Scanners that transmit data through a WiFi connection are advantageous when your employees conduct all of their scans within a central location. For example, a WiFi connection is beneficial when employees are using barcode scanners within a warehouse. If your employees are in the field or on the road, having a mobile broadband connection is more beneficial. With a mobile broadband connection your employees in the field can transmit data wherever they go.


3. Wired Connections

Wired connections are extremely important if your organization is going to be collecting data with wired barcode scanners or uses a locally installed inventory system. Your organization will need to ensure the wired barcode scanners you choose are compatible with the computers installed with your inventory system. Scanners using wireless data transmission will also have wired data connections, so it is beneficial to check for these before making your purchase.

4. Screen

Not all barcode scanners are equipped with a display or touch screen. When deciding on a barcode scanner it is important to determine if it is beneficial or not for your barcode scanner to have a screen, and consider the complexity of what that screen can display. It can be beneficial to have a screen on your scanner device in order for your employees to receive transaction feedback. Transaction feedback notifies your employees whether or not there were any errors with the items they scan.

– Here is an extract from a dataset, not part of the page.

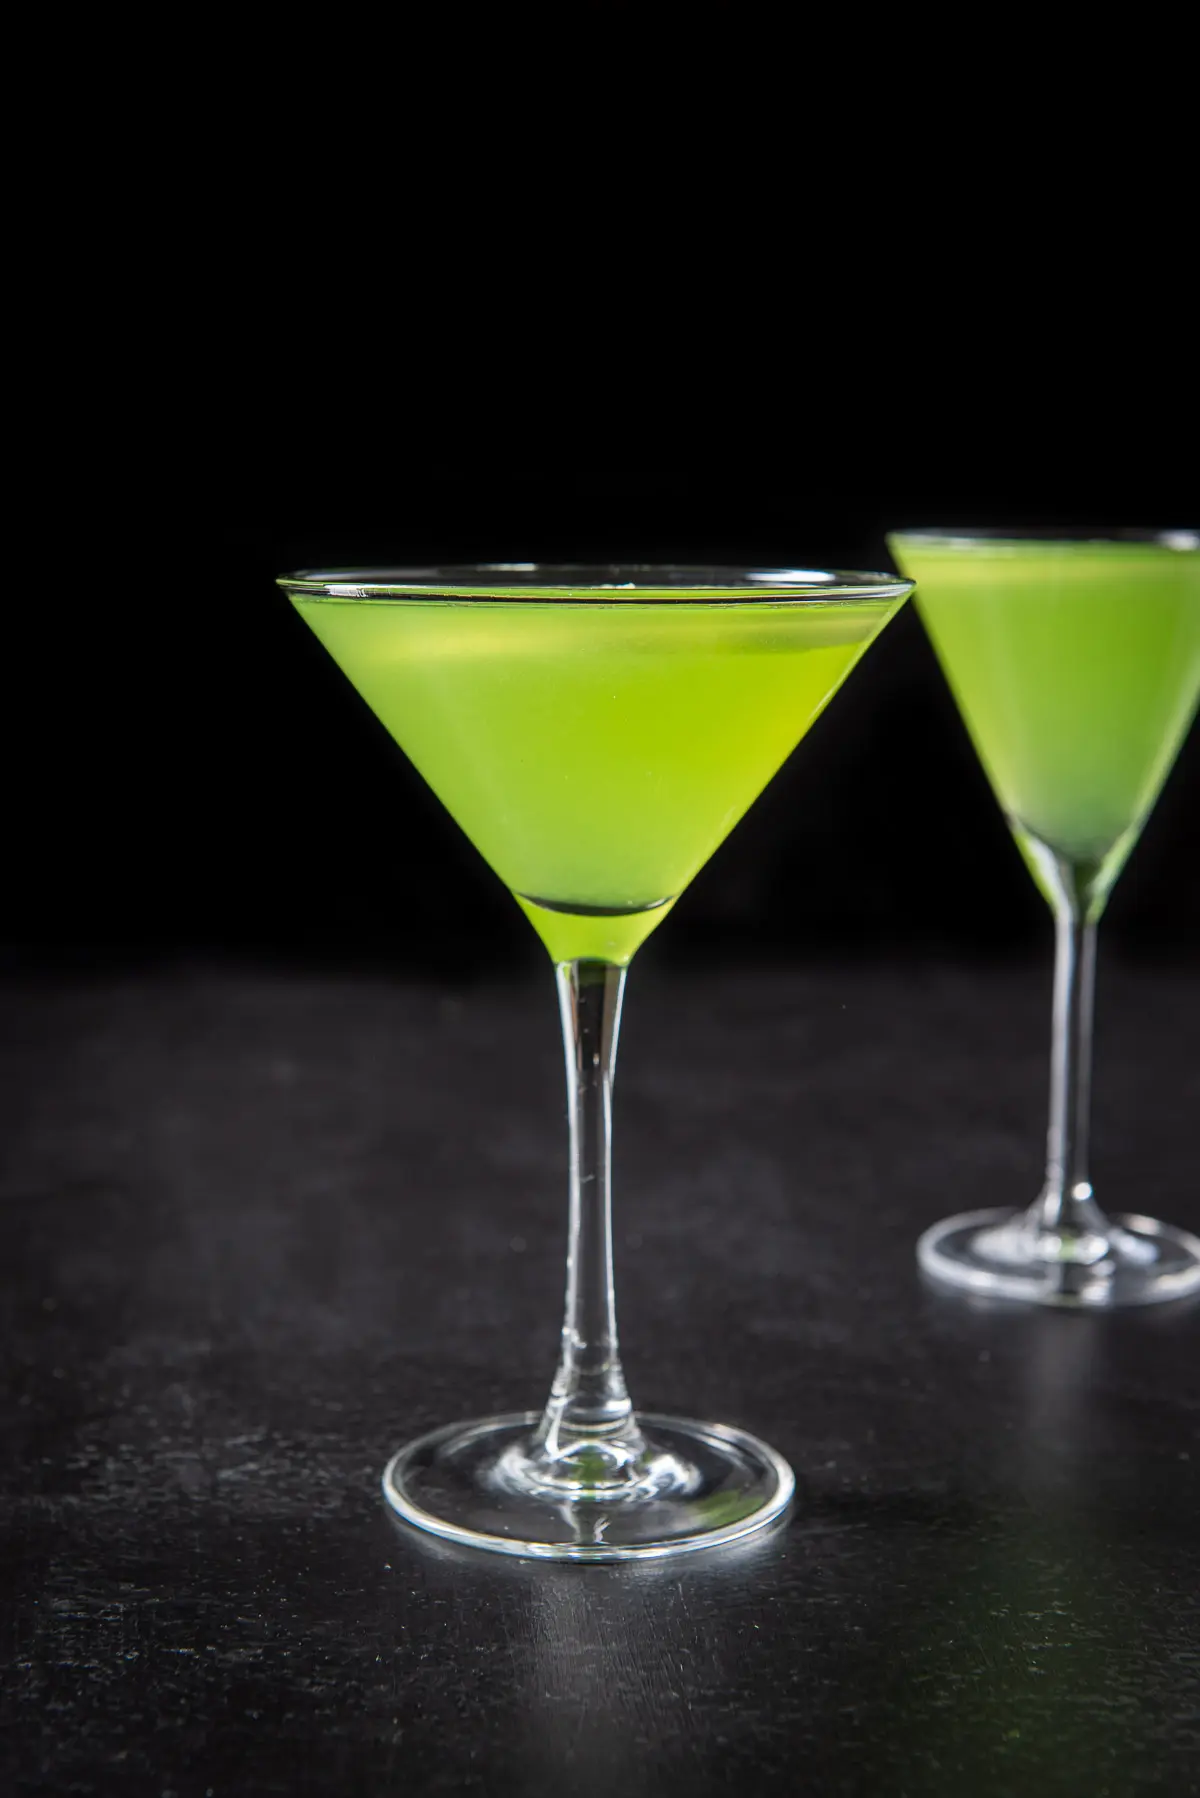 Vertical view of the green cocktail in the classic martini glass

With a screen, scanners can have much more depth to their capabilities. For example, a Mobile Computer barcode scanner can push and pull information to and from your inventory system with a mobile application. Some mobile computers can even act as a both a cell phone and a barcode scanner.

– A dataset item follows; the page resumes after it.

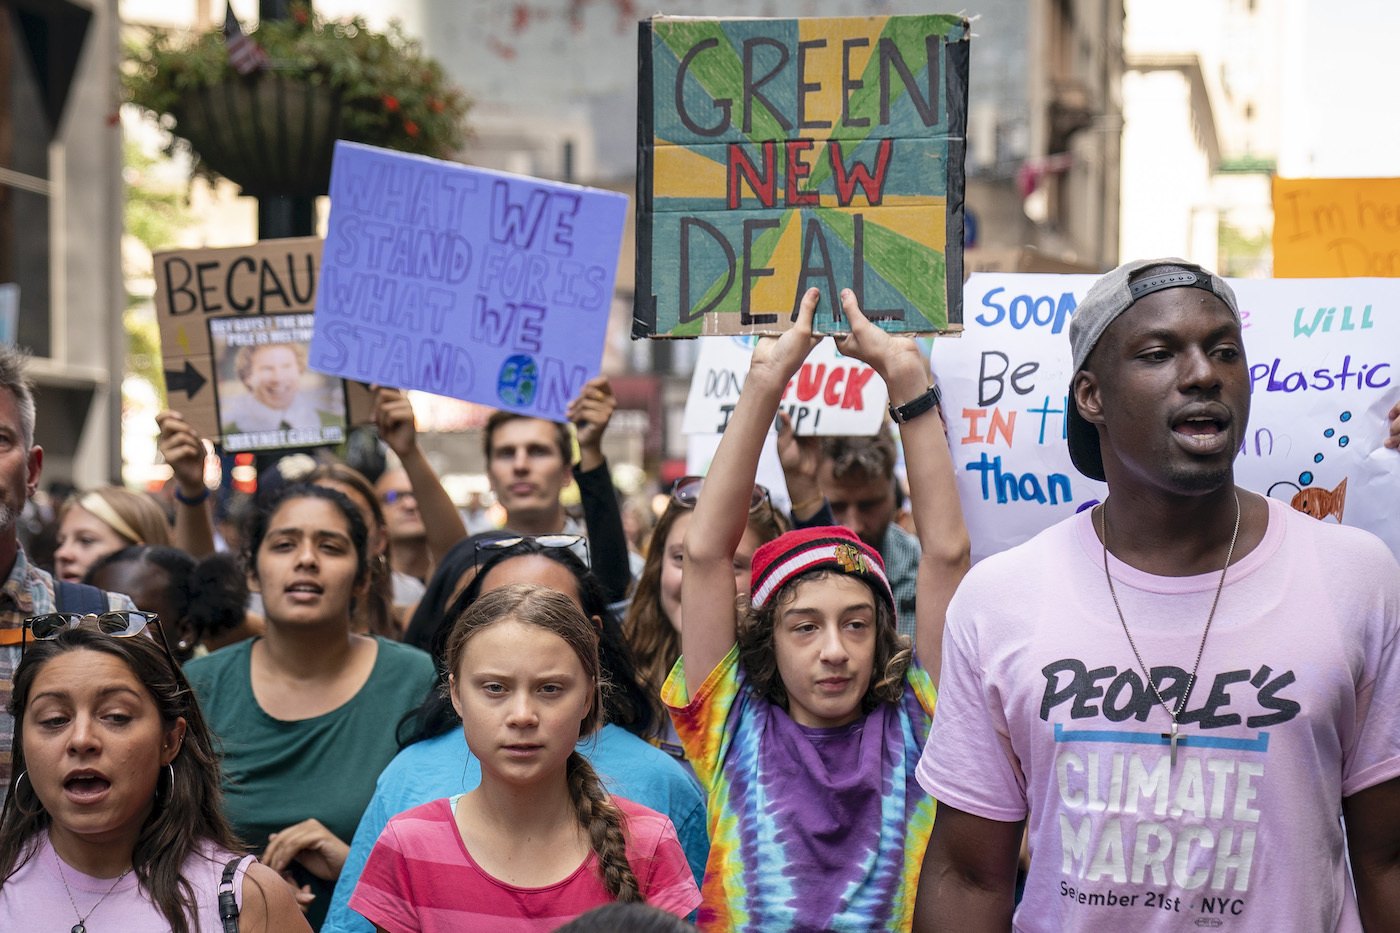 The next generation of climate activists won’t be underestimated

5. Portability and Ideal Environment

Portability is a huge factor when selecting a barcode scanner – he environment the scanner will be working in will help determine what kind of scanner you need. If the scanner is going to be traveling and going out into the field, you will need a scanner that is durable, water resistant, can be used in extreme temperatures, and is extremely portable. If the scanner is being used in a retail environment, the scanner may not need to be portable and does not need to endure extreme weather conditions. Barcode scanners are built for various working conditions, and it is important to consider what kind of work environment you need a barcode scanner to operate in.